I have been attempting to run the dmrcate function from the package DMRcate, following the vignette in the Miss Methyl documentation for identifying regions of differential methylation.
It runs through to the Y choromosome, then falls over with and error message stating that it needs at least two non-NA values to interpolate. Which sounds reasonable. I don't know where/how to track down the source of this error though.
> DMRs <- dmrcate(myAnnotation, lambda=100, C=2, min.cpgs=2)
Fitting chr1...
Fitting chr2...
Fitting chr3...
Fitting chr4...
Fitting chr5...
Fitting chr6...
Fitting chr7...
Fitting chr8...
Fitting chr9...
Fitting chr10...
Fitting chr11...
Fitting chr12...
Fitting chr13...
Fitting chr14...
Fitting chr15...
Fitting chr16...
Fitting chr17...
Fitting chr18...
Fitting chr19...
Fitting chr20...
Fitting chr21...
Fitting chr22...
Fitting chrX...
Fitting chrY...
Error in approx(x = x, y = i, xout = xout, rule = 2) :
need at least two non-NA values to interpolater
I'm storing MValues from EPIC arrays in an anndata object.

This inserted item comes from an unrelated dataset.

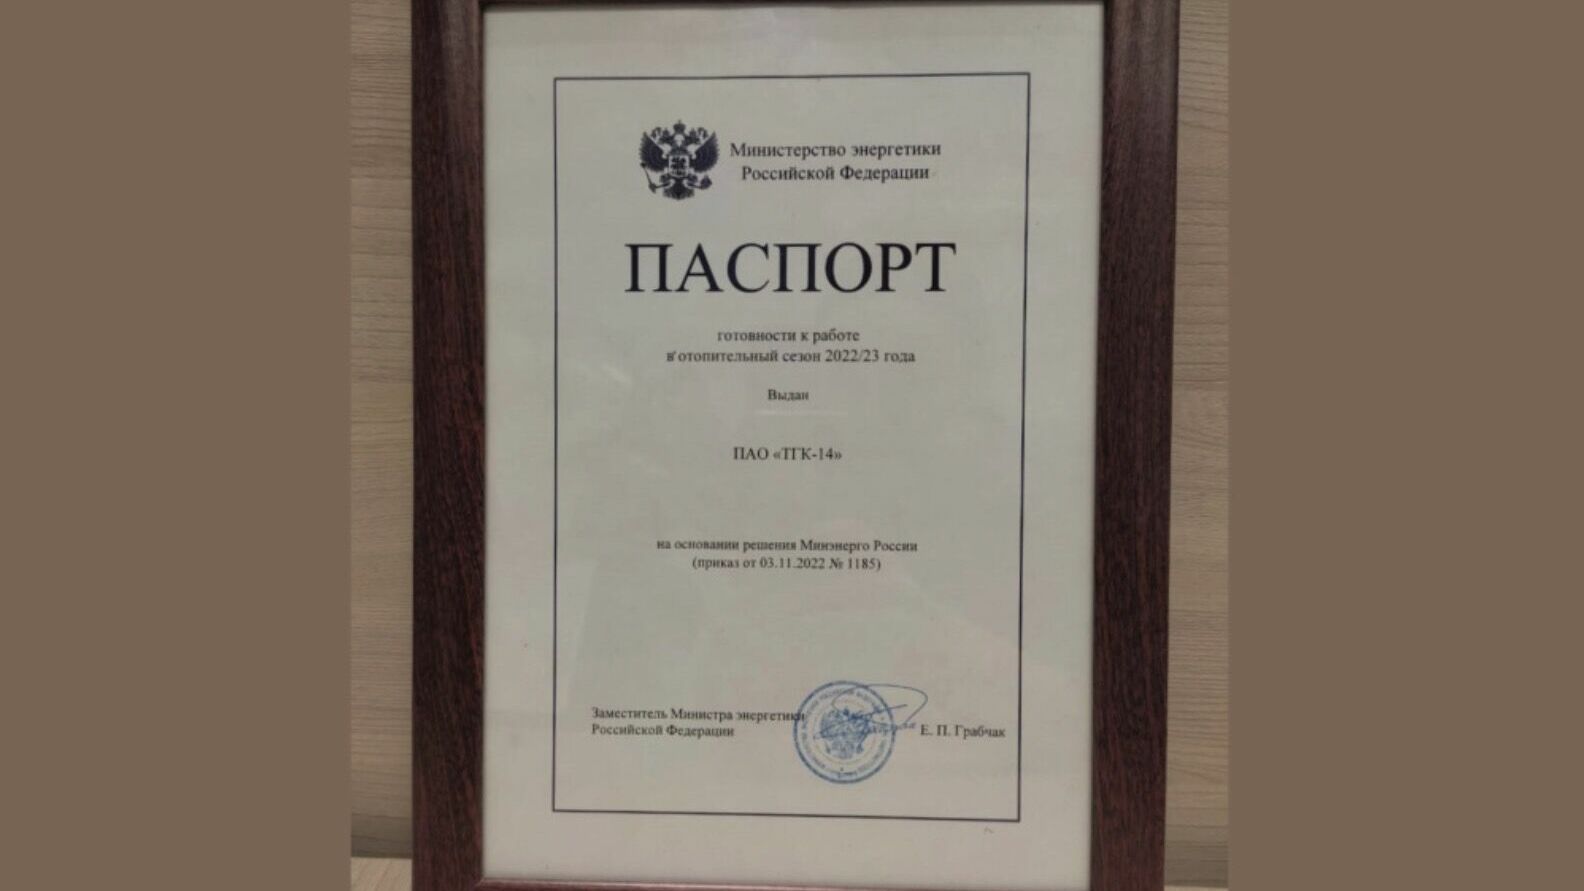 ТГК-14 получила паспорт готовности к работе в новый отопительный сезон
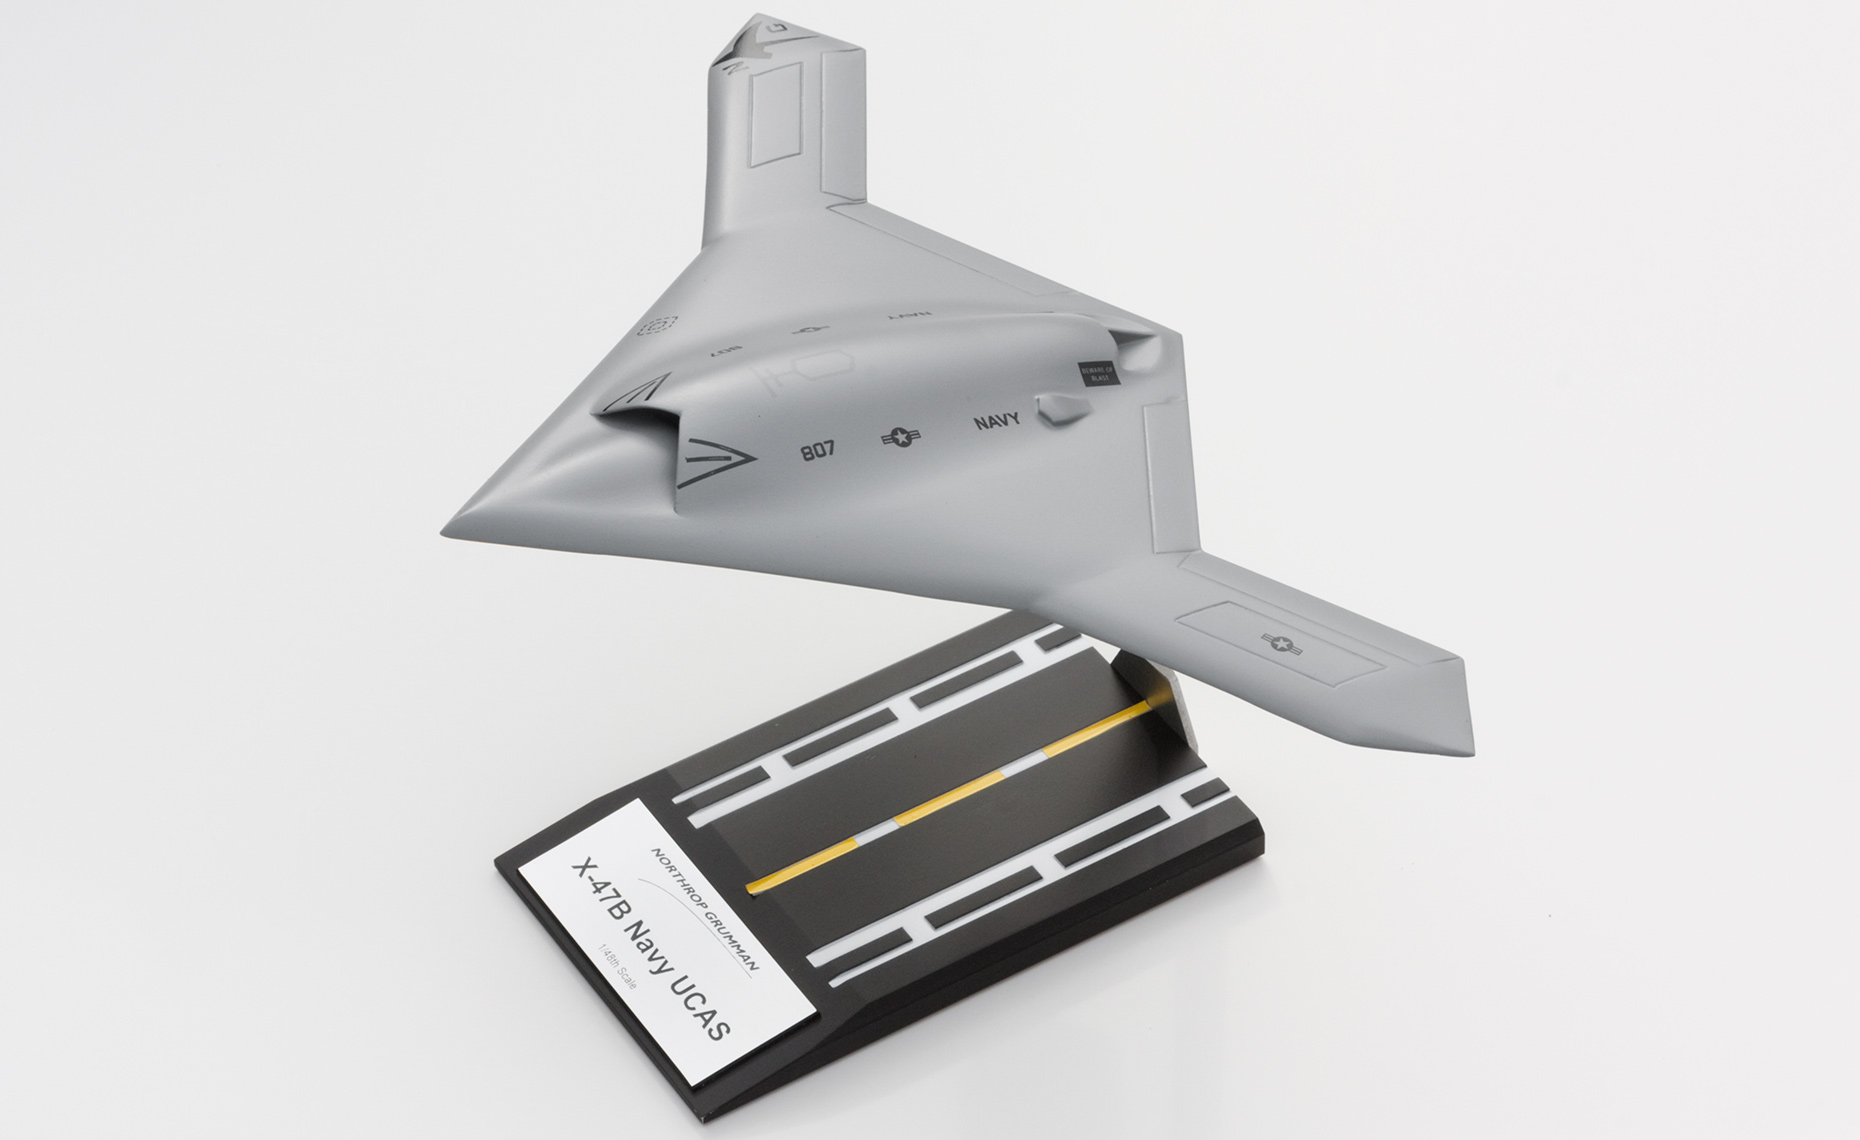 Northrop Grumman X-47B model by Dimensional Technologies

It reads it in fine, and I subset out samples with AML and TALL. I transpose it. Using the same design and data set, I can run limma successfully. When I run DMRcate, I get the above error. The anndataobject holding the MValues has been filtered, I've removed cross hybridizing probes, probes associated with common snps, probes with any NA, and probes associated with the x/Y/M chromosomes.
I have used the following code to get to this point.
library("reticulate")
library("missMethyl")
library("anndata")
library("limma")
library("DMRcate")
ad <- read_h5ad("/data/projects/classifiers/data/methylation/methylationHG38MValues.h5ad")
ad = ad[ad$obs$diagnosis == "AML" | ad$obs$diagnosis =="TALL"]
data = t(ad$X)
diagnosisLevels = unique(ad$obs$diagnosis)
group <- factor(ad$obs$diagnosis,levels=diagnosisLevels)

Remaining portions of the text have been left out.